Data$Garden = factor(Data$Garden,
                     levels=unique(Data$Garden))


###  Check the data frame

library(psych)

headTail(Data)

str(Data)

summary(Data)


### Remove unnecessary objects

rm(Input)


Hermite regression

Here, the hermite package is used to conduct hermite regression.  The nagelkerkeHermite function is used to test the effect of Garden by likelihood ratio test, comparing the full model to null model with the Garden effect excluded.  It also produces a pseudo R-squared value for the model by comparison to a null model.

 

Here, the m=3 option is specified.  Often the default m=NULL can be used.  In this case, if the m value is not specified, the function cannot complete the model fitting, and errors are produced.  Using m=2 often works.  Here, m=3 was used because it produced a model with a lower AIC than did the m=2 option.


library(hermite)

model = glm.hermite(Monarchs ~ Garden,
                    data = Data,
                    link = "log",
                    m=3)

summary(model)


### Determine p-value and pseudo R-squared for model


null = glm.hermite(Monarchs ~ 1,
                   data = Data,
                   link = "log",
                   m=3)

library(rcompanion)

nagelkerkeHermite(model, null)


$Models
                                                    
Model: "glm.hermite, Monarchs ~ Garden, Data, log, 3"
Null:  "glm.hermite, Monarchs ~ 1, Data, log, 3"    

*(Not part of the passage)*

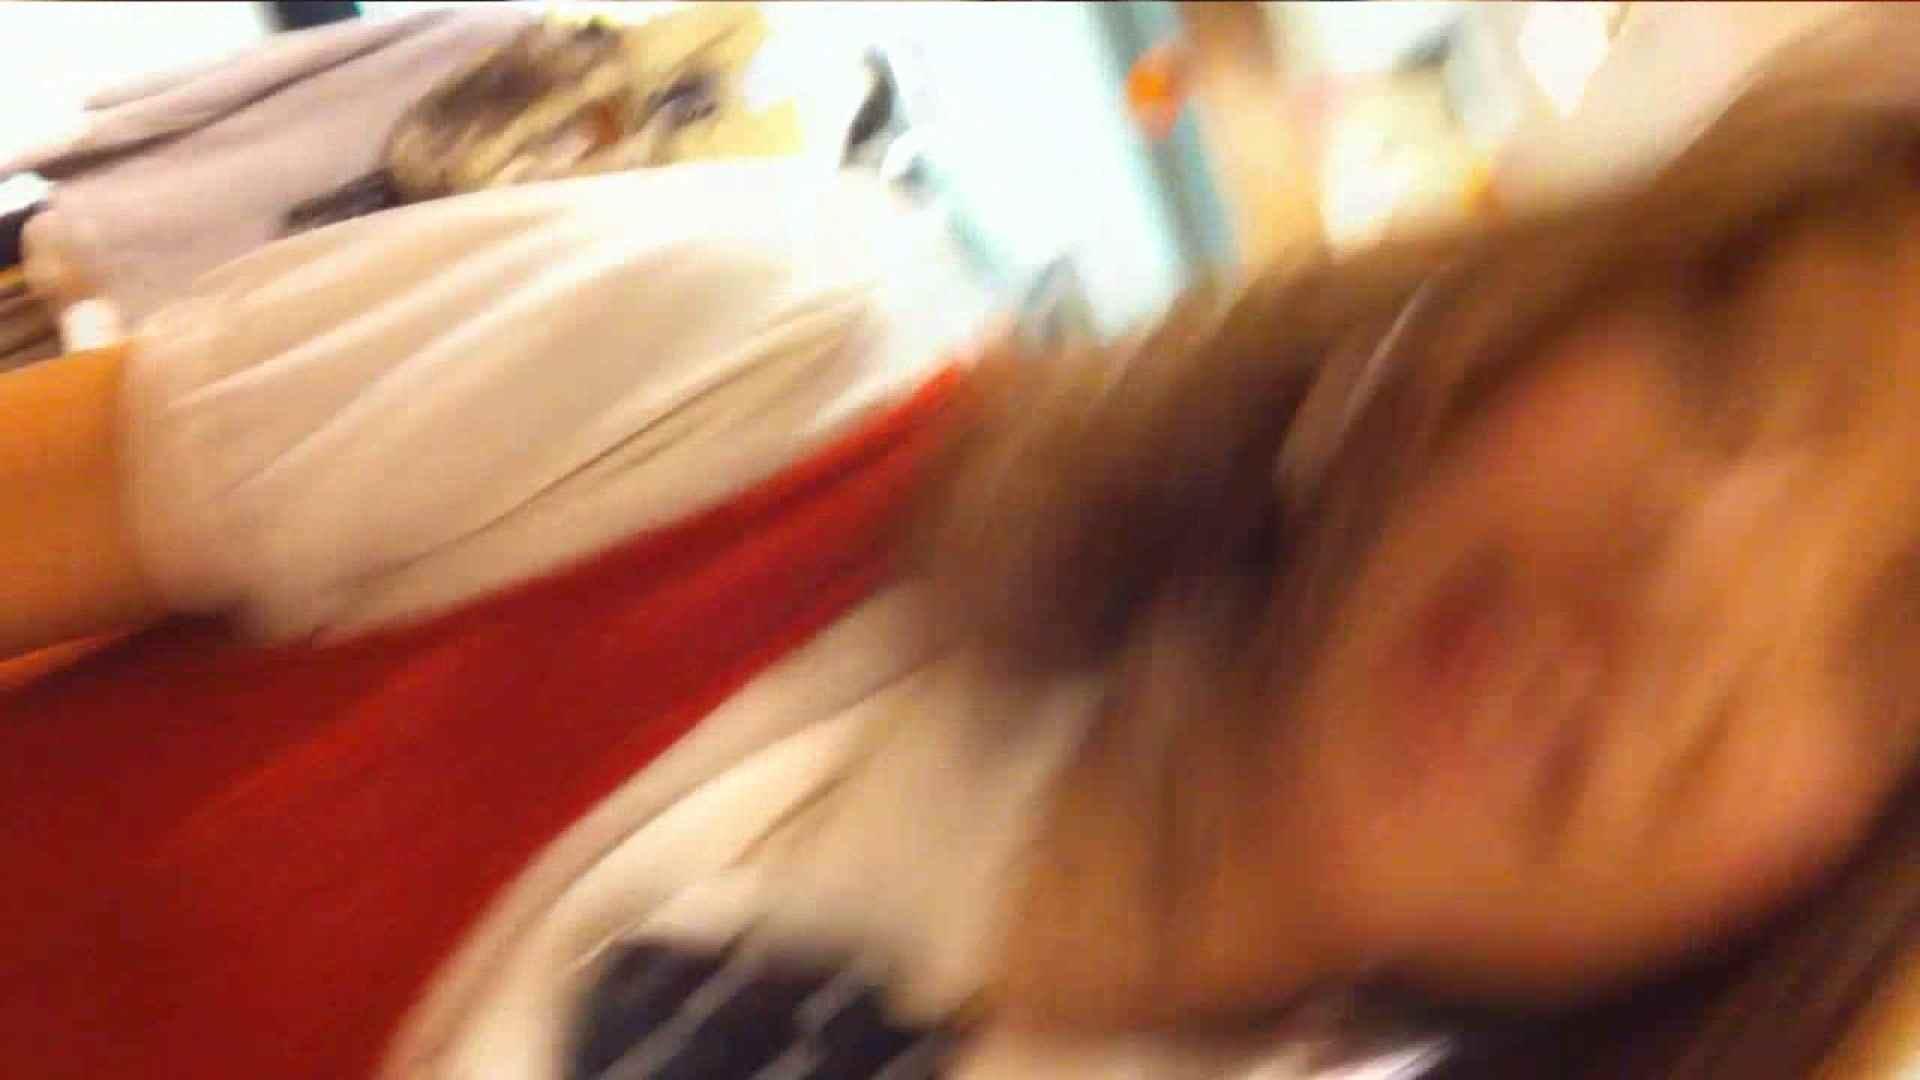 vol.33 美人アパレル胸チラ&パンチラ ギャル系ネーチャンの下着 新入生パンチラ すけべAV動画紹介 92pic 73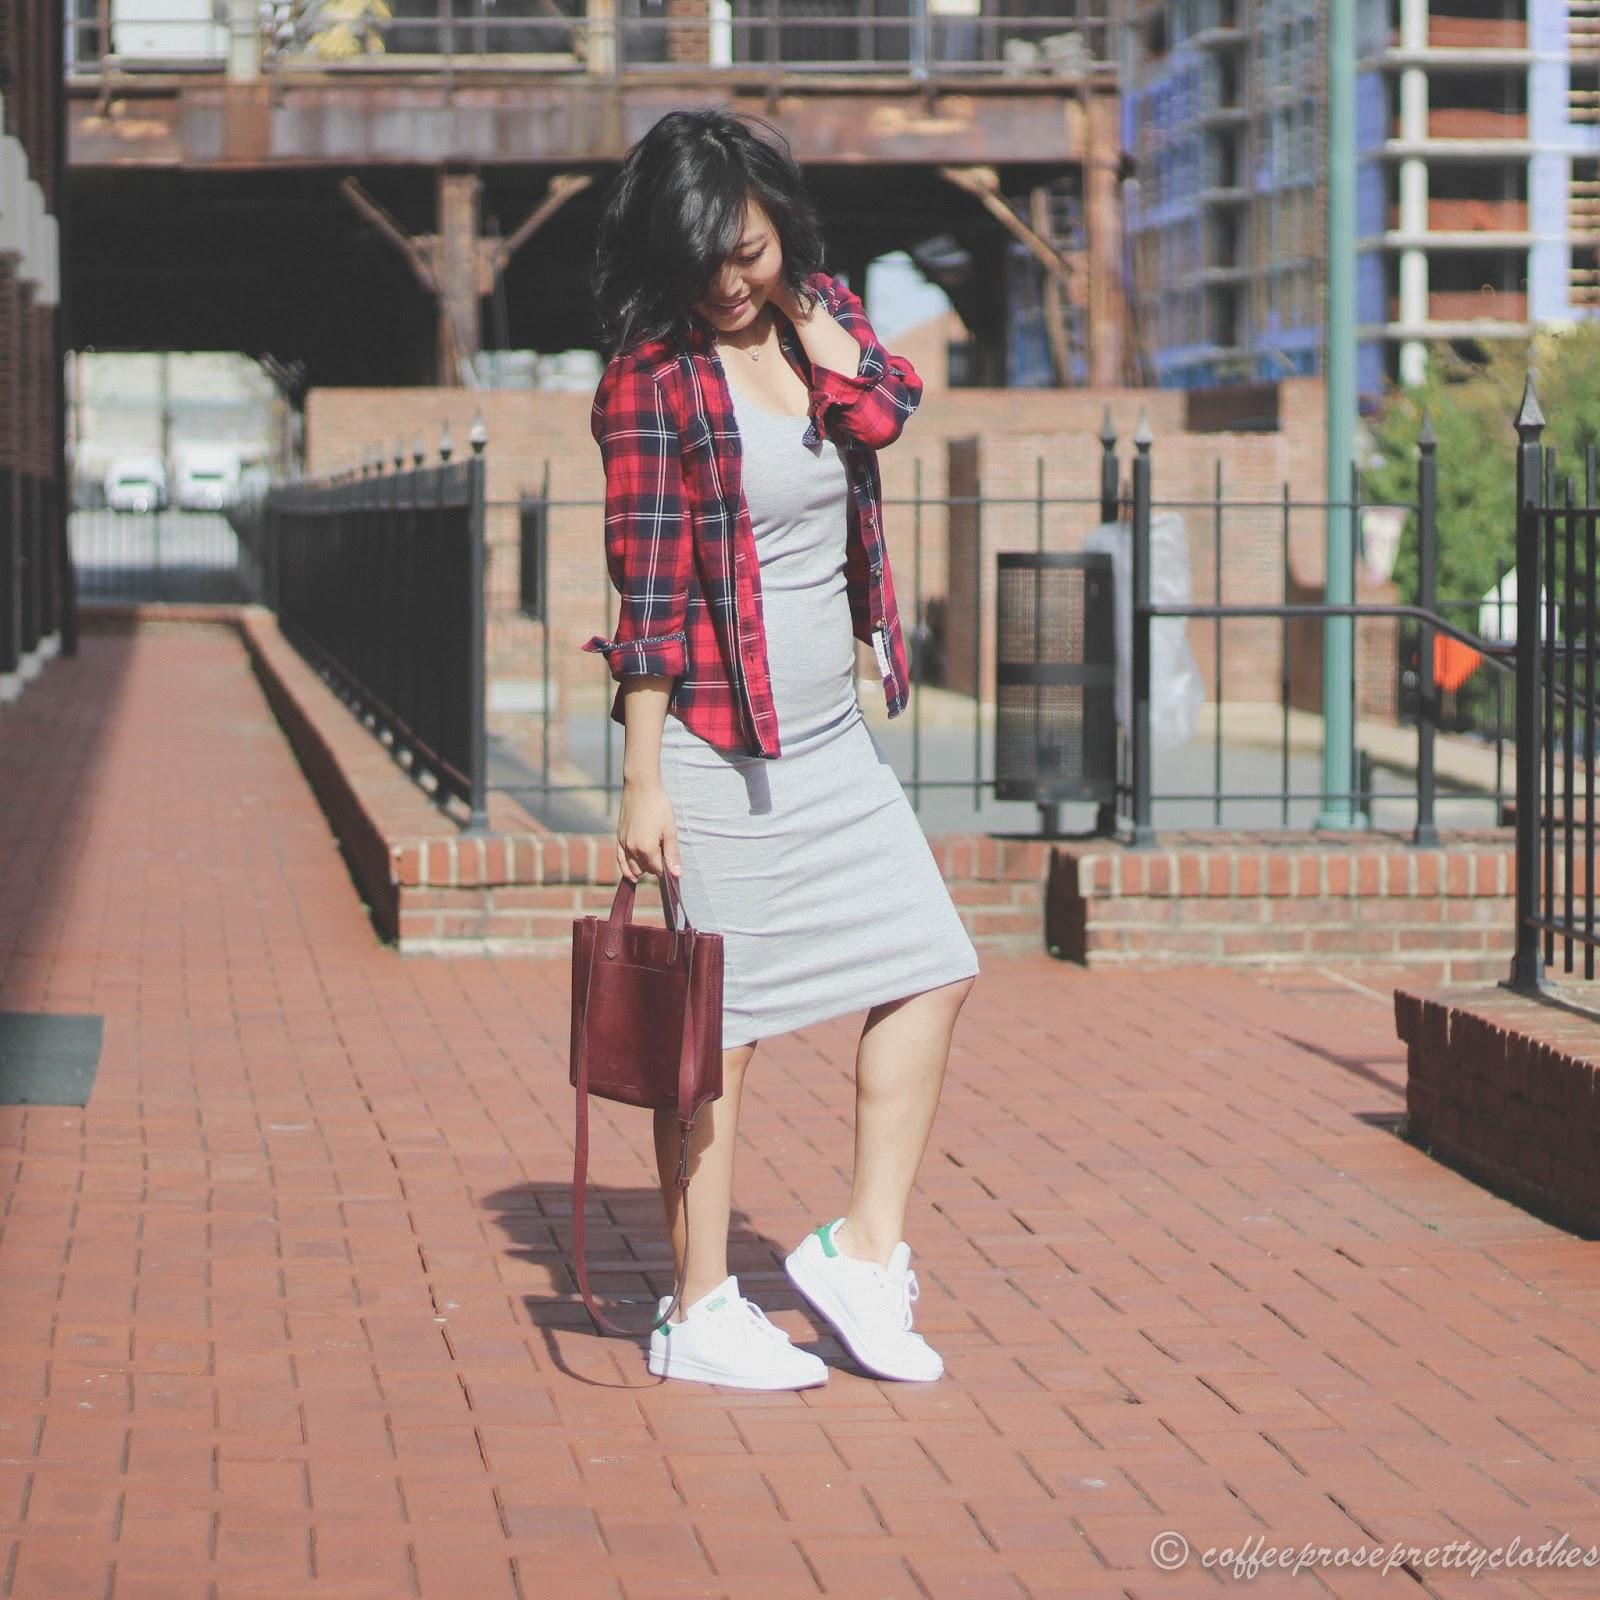 Adidas Stan Smith, Madewell Transport, tank dress, plaid flannel

$Pseudo.R.squared.for.model.vs.null
                             Pseudo.R.squared
McFadden                             0.249943
Cox and Snell (ML)                   0.766548
Nagelkerke (Cragg and Uhler)         0.768829

$Likelihood.ratio.test
 Df.diff LogLik.diff  Chisq    p.value
      -2     -17.457 34.915 2.6204e-08

$AIC
          AIC
Model: 112.78
Null:  143.69

   ### Note that because the null model is the same as the full model
   ###   without the Garden effect, this test can also be considered a
   ###   test of the Garden effect, and the pseudo R-squared akin to
   ###   a partial pseudo R-squared due to the effect of Garden.



Histograms


library(lattice)

histogram(~ Monarchs | Garden,
          data=Data,
          layout=c(1,3)      #  columns and rows of individual plots
          )


image


Post-hoc analysis: Medians and confidence intervals

At the time of writing, the lsmeans package does not support post-hoc analysis of regressions produced with the hermite package.

 

One imperfect approach for post-hoc analysis would be to examine median counts for treatments and the confidence intervals of these medians.  We can conclude that groups with non-overlapping 95% confidence intervals for their medians are significantly different. 

However, this approach does not represent any information learned from the Hermite regression.

A second issue is that, because the dependent variable is not continuous, the distribution of the bootstrapped confidence intervals is not likely to be continuous, and so is may not be reliable.

 

To get confidence intervals for the medians for each group, we will use the groupwiseMedian function.  Here I used the percentile method for confidence intervals. 


library(rcompanion)

Sum = groupwiseMedian(Monarchs ~ Garden,
                      data=Data,
                      conf=0.95,
                      R=5000,
                      percentile=TRUE,
                      bca=FALSE,
                      digits=3)

Sum


  Garden n Median Conf.level Percentile.lower Percentile.upper
1      A 8      1       0.95                0                4
2      B 8      6       0.95                5                8
3      C 8     11       0.95               10               14

   ###  In this case, none of the confidence intervals overlap.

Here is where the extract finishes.